Gene transfer of the vascular endothelial growth factor receptor flt-1 suppresses pulmonary metastasis associated with lung growth.
Gene Transfer Techniques
Mice, Inbred BALB C
Tumor Cells, Cultured
Vascular Endothelial Growth Factor Receptor-1
Growth of solid tumor metastases is critically dependent on angiogenesis. We hypothesized that an "angiogenic-rich" milieu, as in pneumonectomy-induced lung growth, would be conducive to growth of pulmonary metastases, and that transfer of an antiangiogenic gene would suppress tumor growth.
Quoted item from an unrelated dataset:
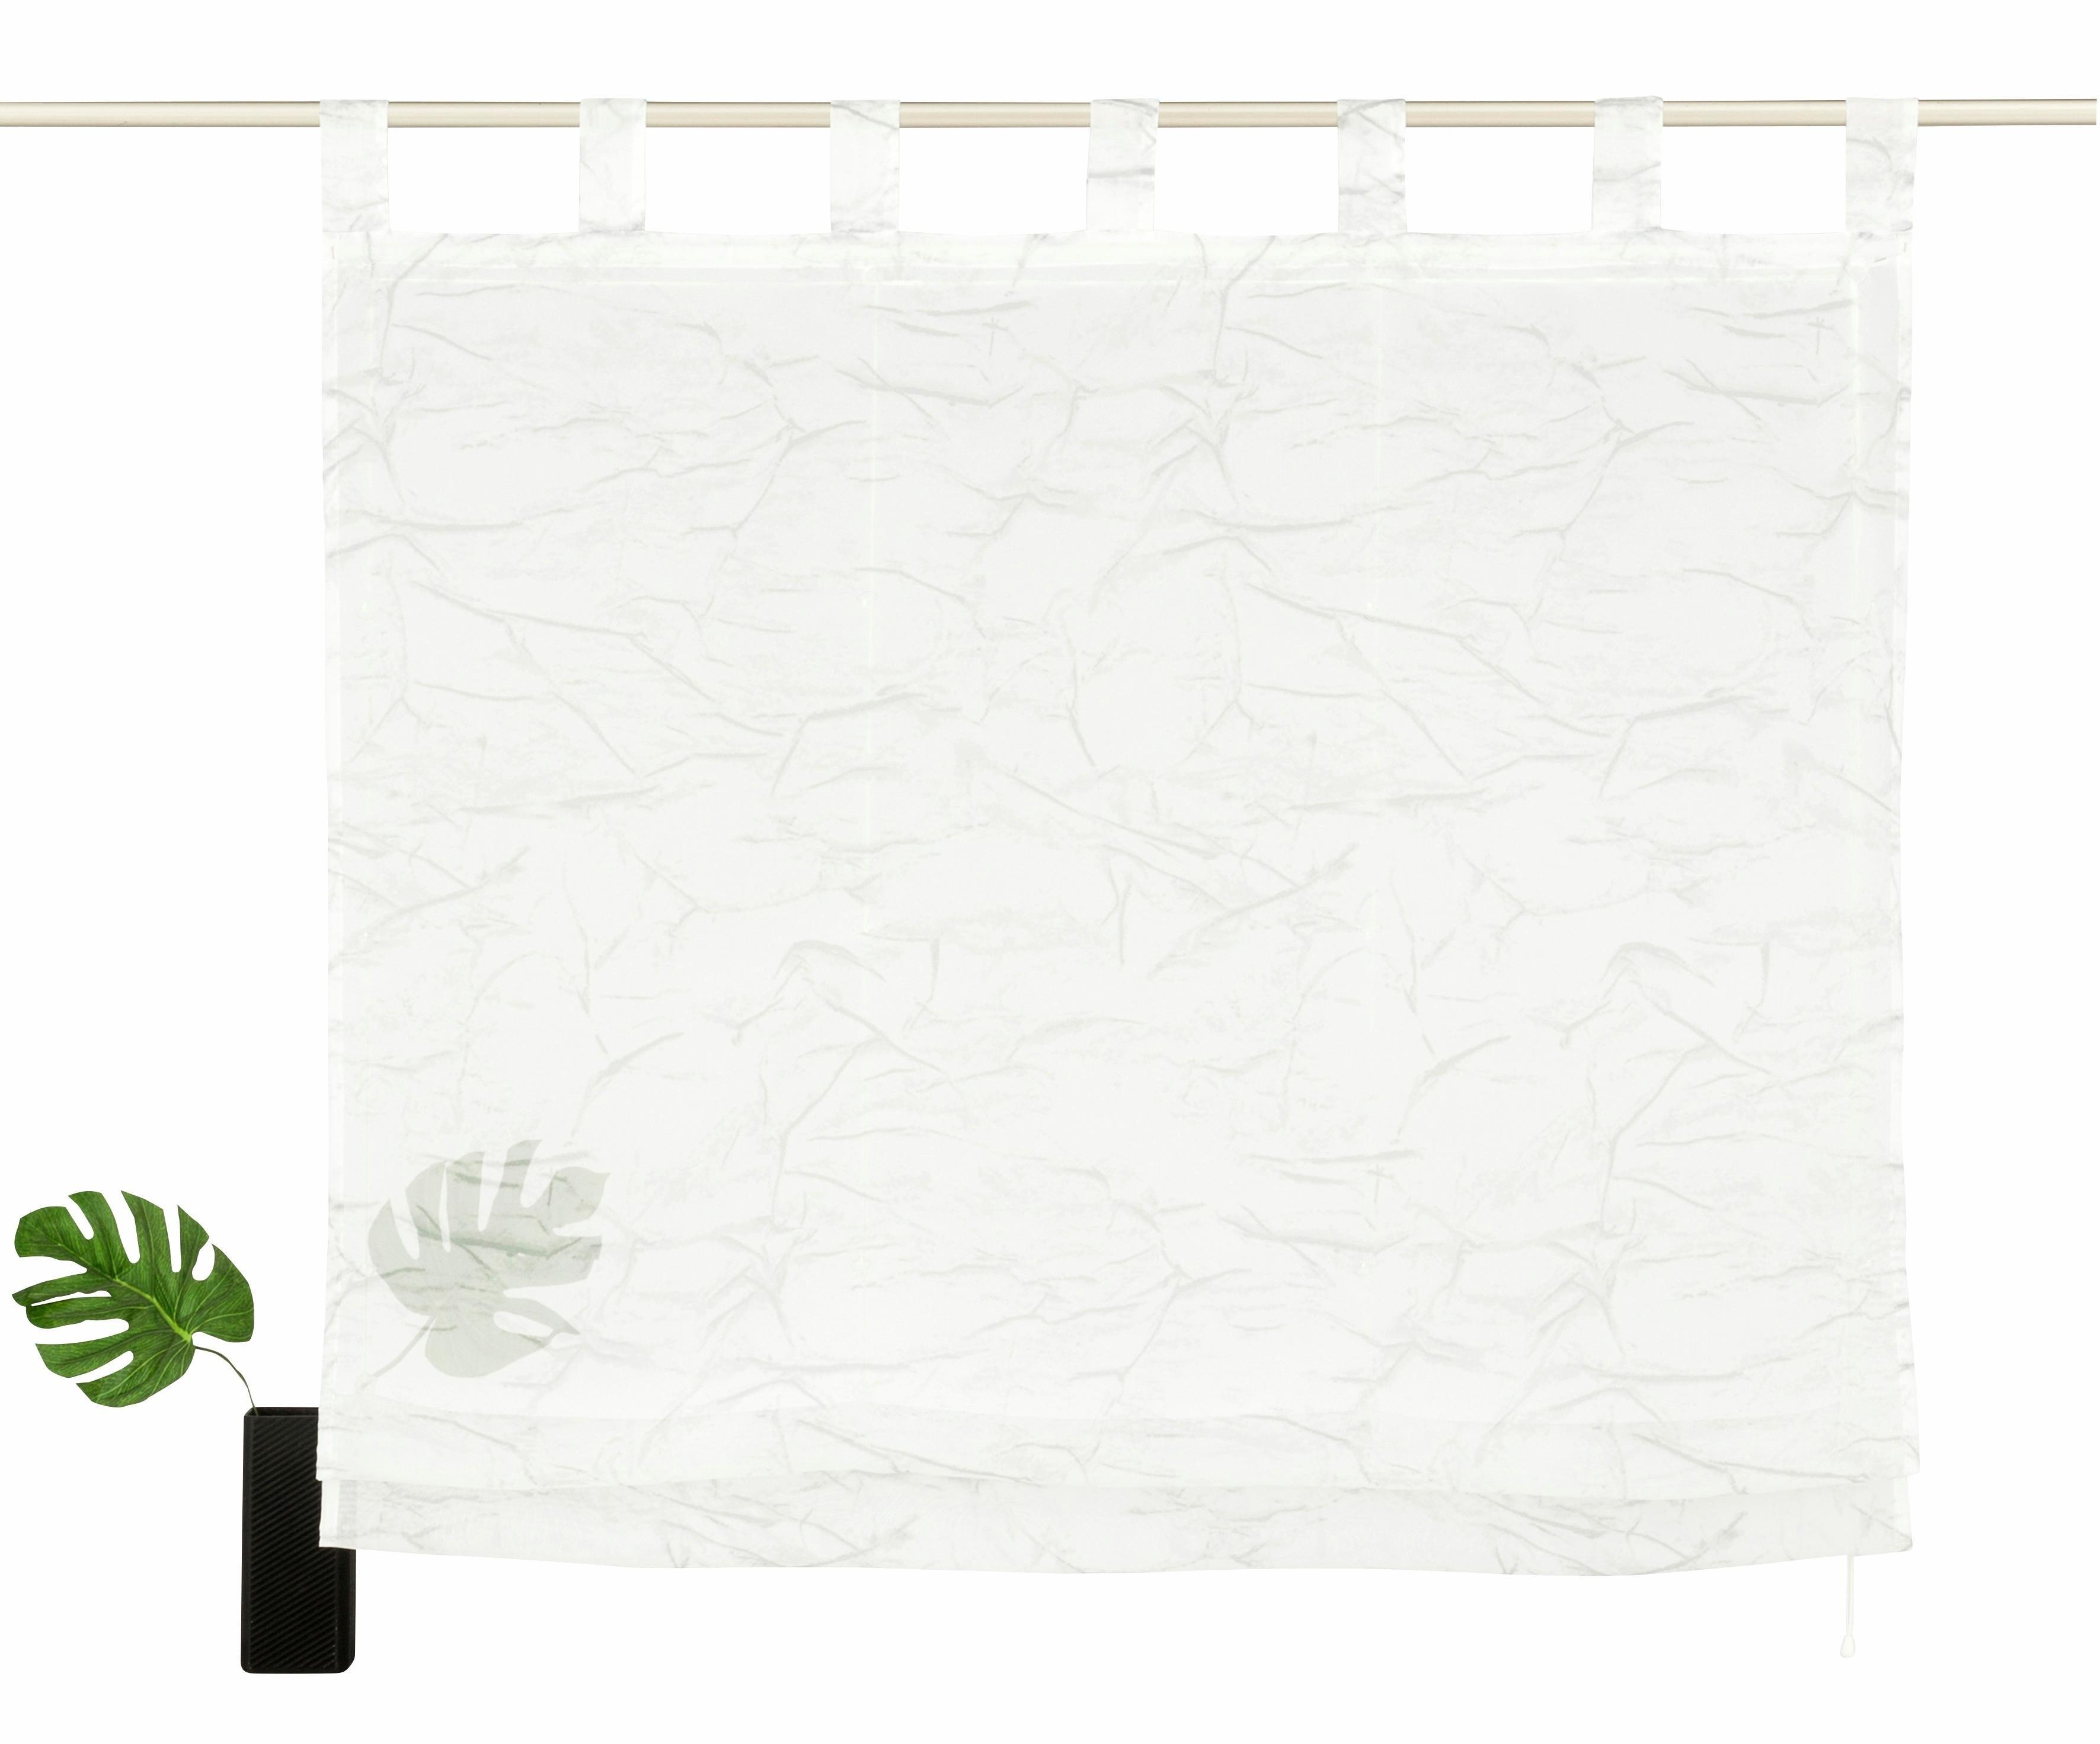 my home vouwgordijn Bamian (1 stuk) bestellen: 30 dagen bedenktijd

Two weeks after left pneumonectomy in BALB/c mice, right lung mass increased 1.5-fold compared with controls (P < 0.0001). Our pulmonary metastases model, intravenous administration of beta-galactosidase (betagal)-marked CT26.CL25 colon carcinoma cells, resulted in diffuse metastases at 12 d after administration. However, if left pneumonectomy was performed 1 d before tumor cell administration, right lung mass was increased 1.7-fold after 12 d (P < 0.001 compared with the right + left lung of controls), and betagal activity was greater (2.8-fold, P < 0.05). To assess antiangiogenesis therapy, tumor cells were administered 1 d after pneumonectomy and 1 d later, 5 x 10(8) plaque-forming units of Adsflt (an Ad vector expressing the extracellular portion of the flt-1 vascular endothelial growth factor [VEGF] receptor) was administered. Compared with controls, mice receiving Adsflt via intranasal or intravenous routes showed suppression of pneumonectomy-induced tumor growth (P < 0.01, both routes compared with controls). Postpneumonectomy lung growth enhances growth of lung metastases, but this can be suppressed with Adsflt antiangiogenesis therapy.